Jasanoff believes we don’t sufficiently acknowledge how much power we’ve handed over to technology, which, she writes, “rules us as much as laws do.” What we need, she says, is far more reflection on the role that tech plays in our lives now and what role we want it to play in the future. One of her hopes in writing this book was to explore the “need to strengthen our deliberative institutions to rethink things,” so that “people will recognize that this is a democratic obligation every bit as much as elections.” She sees that putting “a technology into place is like putting a political leader into place, and we should take political responsibility for the consequences of technology in the same way that we at least try to take political responsibility for who we elect.”

I talked to Jasanoff about the different ways we should approach tech, whether we can rightly predict what will happen in the future, and if there’s hope for us before we all become controlled by robots or a version of the rolling, chubby humans in Wall-E.

Mother Jones: You start your book by discussing a lot of the different ways people have approached and thought about technology, including theories around determinism. Why do you reject those ideas and say we have to recognize our human influence and values in technology and our agency over it?

Sheila Jasanoff: Well, first of all, I’m delighted to see that you’ve picked up one of the major messages of the book so clearly. The question why it’s important for us to come to grips with our own agency and our involvement in putting science and technology into our lives—it’s in a way obvious, because otherwise we take something that we human beings have created and raise it to a pedestal where we think that the technology determines for itself how humans’ future ought to evolve. I think that’s a risky proposition for many, many reasons. First of all, it makes us less careful about the harmful dimensions of technological design, which undoubtedly exist. But secondly, it also makes us less sensitive to the inequalities involved in allowing technologies to develop in particular ways, and this is something I think is really important to put front and center as we become more and more dependent on technology in every dimension of our lives.

MJ: Can you elaborate a little more on the inequalities that you just mentioned?

SJ: Let me begin with the best-known historical example, because that is tied up with these myths that need to be revisited and rethought: the idea of the Luddite. The Luddites were a group of people who have become proverbial as anti-technology because these were British weavers who, in the early days in the introduction of the mechanical loom, went about and broke the looms.

Historically, the idea that you take something novel and you break it has been seen as the ultimate rejection of Enlightenment values, of progress, of civilization—because how could you possibly move forward if you break technology? I think that that misses the point, that if you introduce any kind of technology, what you’re introducing is a new way of living and the consequences of that new way of living for people who were enmeshed in a different way of living need to be thought through.

So I think there’s a direct comparison between that and today’s GMO protests. This is the area in contemporary science and technology where there’s been the most concentrated protests, and one type of protest has been to go to field sites, where GMOs of all sorts have been experimentally planted, and local farmers and activists have gone there and ripped up these plants. And again, scientists and many policymakers see this as a form of Luddism. But that keeps us from recognizing that farming is a very complicated way of living…and by introducing a different kind of more industrialized, more standardized agriculture, we’re actually interfering with long-standing patterns. This may be better or this may be for the worse, but that is something that we need to debate. But to not debate it, to just decide that just because it is a technological new thing, therefore it has to be propagated as fast as possible, as widely as possible, that seems to be a mistake, in ethical terms and in terms of democratic politics as well.
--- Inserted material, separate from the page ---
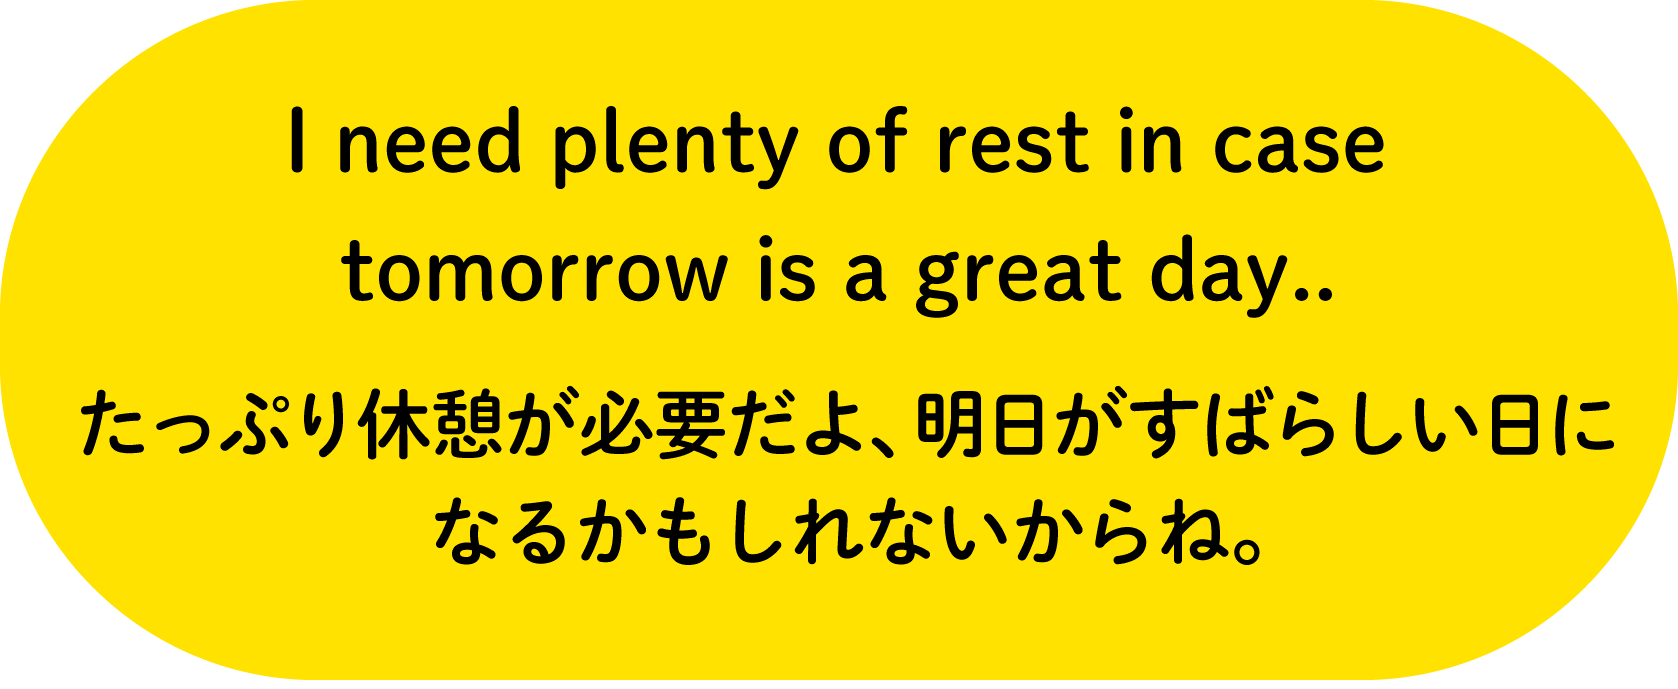 I need plenty of rest in case tomorrow is a great day..たっぷり休憩が必要だよ、明日がすばらしい日になるかもしれないからね。

MJ: It’s interesting that you bring up the GMO protests and the resistance to new technologies, because it seems as if some technologies are more acceptable than others. We seem to be more okay with mobile phones but we’re resistant to other things. Why are some technologies and inventions more accepted than others?
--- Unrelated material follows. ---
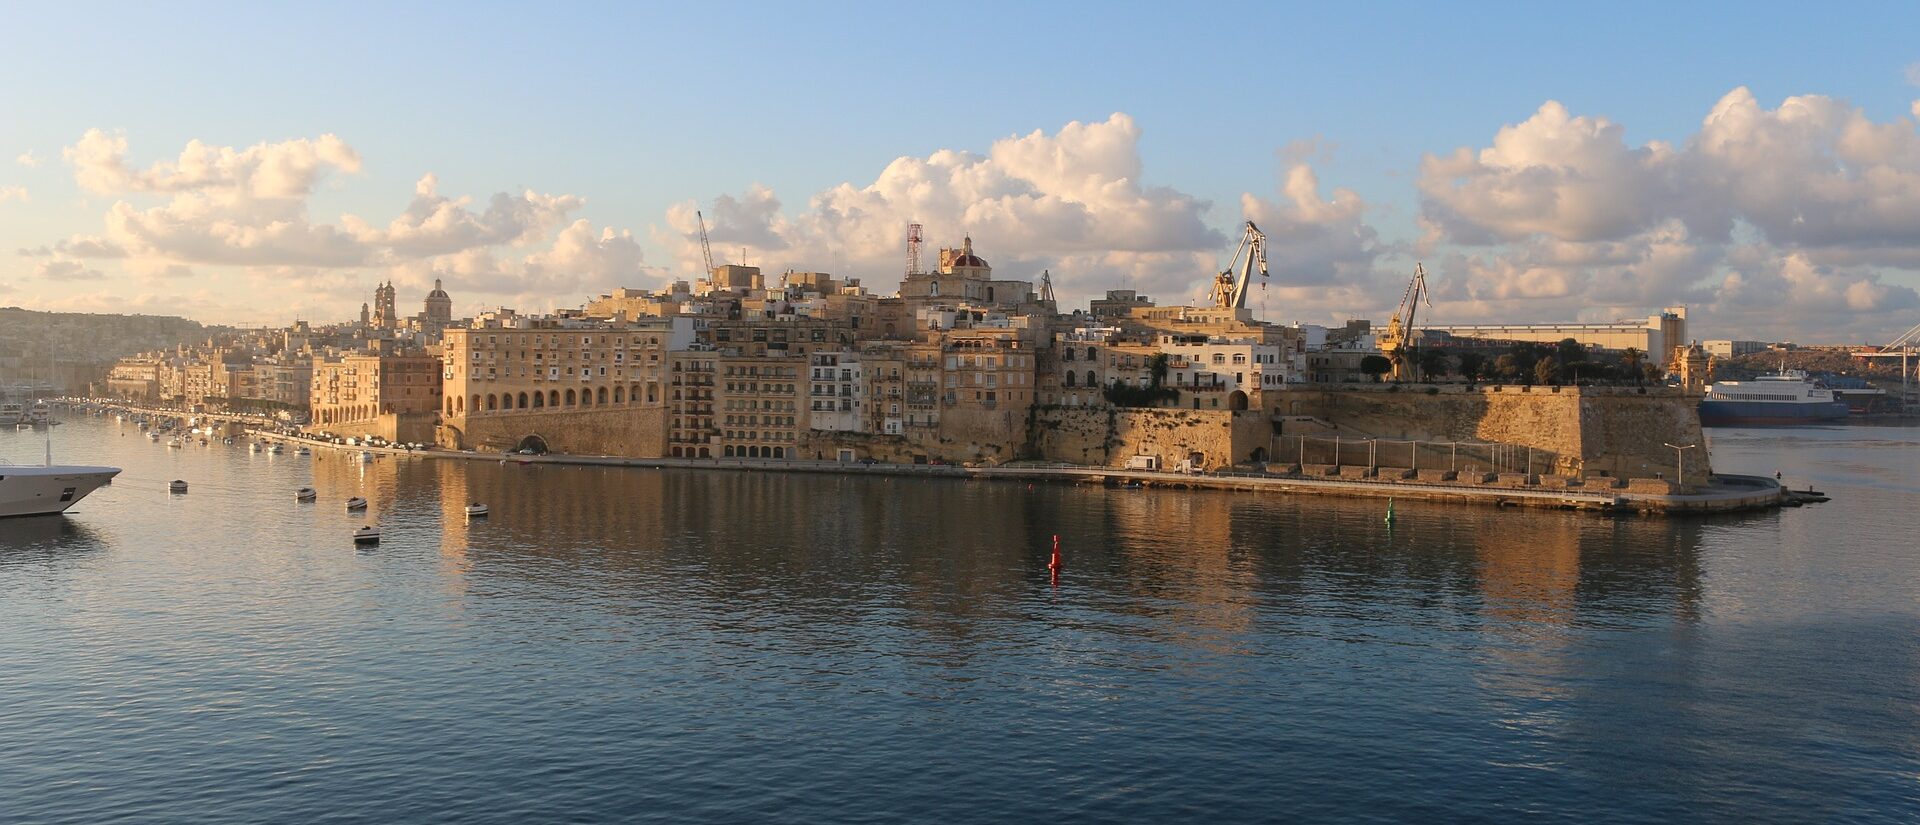 La Valette, la capitale de Malte, attend le pape François | © Pixabay

SJ: In general, people feel that technologies they perceive as liberating are easier to accept than ones that they feel are imposing controls on them, so something like the mobile phone, which allows you to do the same functionalities as an old landline did, only from different places and in different contexts, is seen as more liberating than the stay-in-one place phone. Whereas a technological development that actually is perceived as a form of control—so, for instance, GMOs that have been made sterile into the next season so that you can’t save the seeds as your parents and grandparents may have done for eons—that will come across to farmers as a kind of imposed technology and not a liberating technology.

W.W. Norton

But I would caution against thinking that acceptance itself should be seen as an indicator that this is a good thing. With data in particular, we may be okay with it, but it’s related to the argument about GMOs. Many people have said, “Look, Americans have accepted the introduction of GMOs into agriculture, and 300 million who are okay with it can’t be wrong, therefore why shouldn’t everybody in the world accept it?” I think that whether we’ve accepted it in a deliberative way, aware of all the problems, or whether we’ve accepted it because we just didn’t know, or nobody gave enough time to think. I’m trying to make people more alert that mere acceptance isn’t a good enough indicator that something is ethical. You actually need to stop and think. Acceptance on the basis of ignorance or deceit is not the same thing as the acceptance on the basis of ongoing vigorous democratic debate.
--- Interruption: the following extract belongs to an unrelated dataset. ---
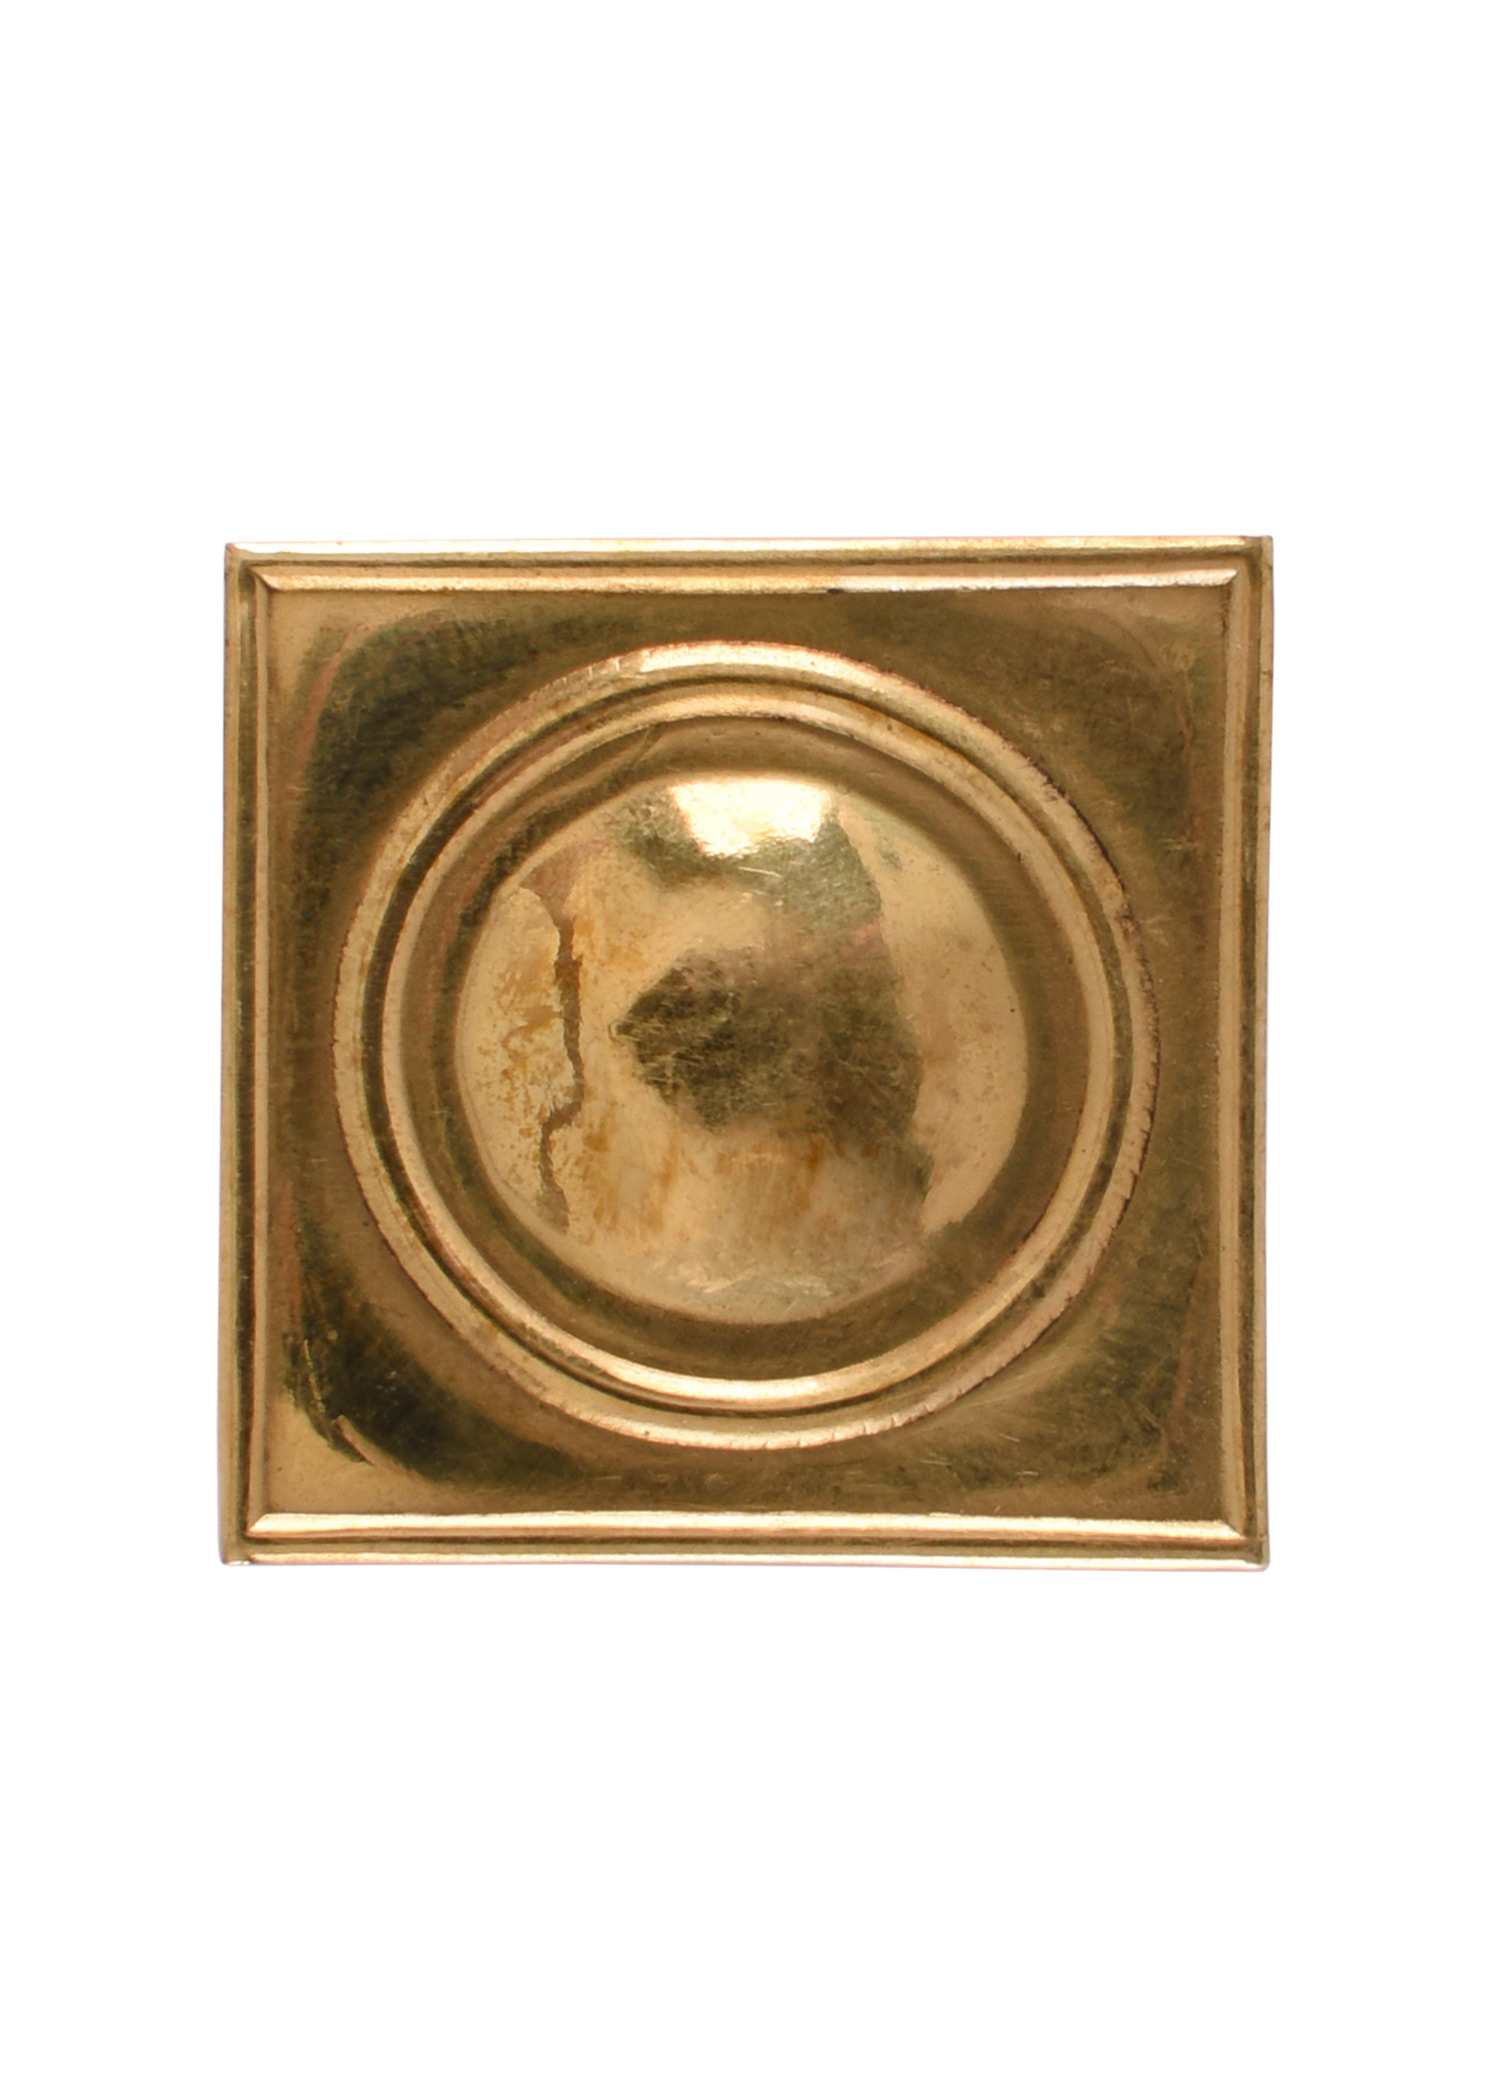 Römischer Gürtelbeschlag aus Messing, 3 x 3 cm

MJ: You said it’s hard to predict what will happen with technology. One interesting example where people have been trying to predict what’s going to happen—or what technology is going to cost society—is around automation and self-driving cars. Even some tech companies say this is the next frontier and people will lose jobs. What do you think about that debate?

SJ: It’s not just about self-driving cars, but it’s about robotics and automation in general. I think there are certain things people would recognize as having benefits. For instance, there’s a huge consensus that life-prolonging drugs are a good thing, but that debate has happened independently of the moral and philosophical debate about the kind of quality of life that we’re buying for individuals with these additional 10, 20, 30 years we might be giving them.

My view of the right kind of debate would be that we should not decouple them. We should not decouple the discussions of who the losers are and what will happen to them from who the winners are and whether it will be beneficial. I’m all in favor of being able to imagine new frontiers with the aid of technologies, but I want a more compassionate approach that also recognizes that every time you’re talking about new frontiers, there will be certain kinds of costs attached. There will be people who don’t quite understand how to handle email who will decide to have private servers and then not know how to excuse themselves when it may be something as simple-minded as they were a little too far along in their lives to really figure out how to go back and forth between two different accounts. I’ve known cases of high-up government officials who preferred to use their personal laptops instead of the highly secured ones that their jobs required of them. Not because they weren’t smart, not because they weren’t good public servants, but because they simply were a little less skillful than maybe their grandchildren would have been in this case.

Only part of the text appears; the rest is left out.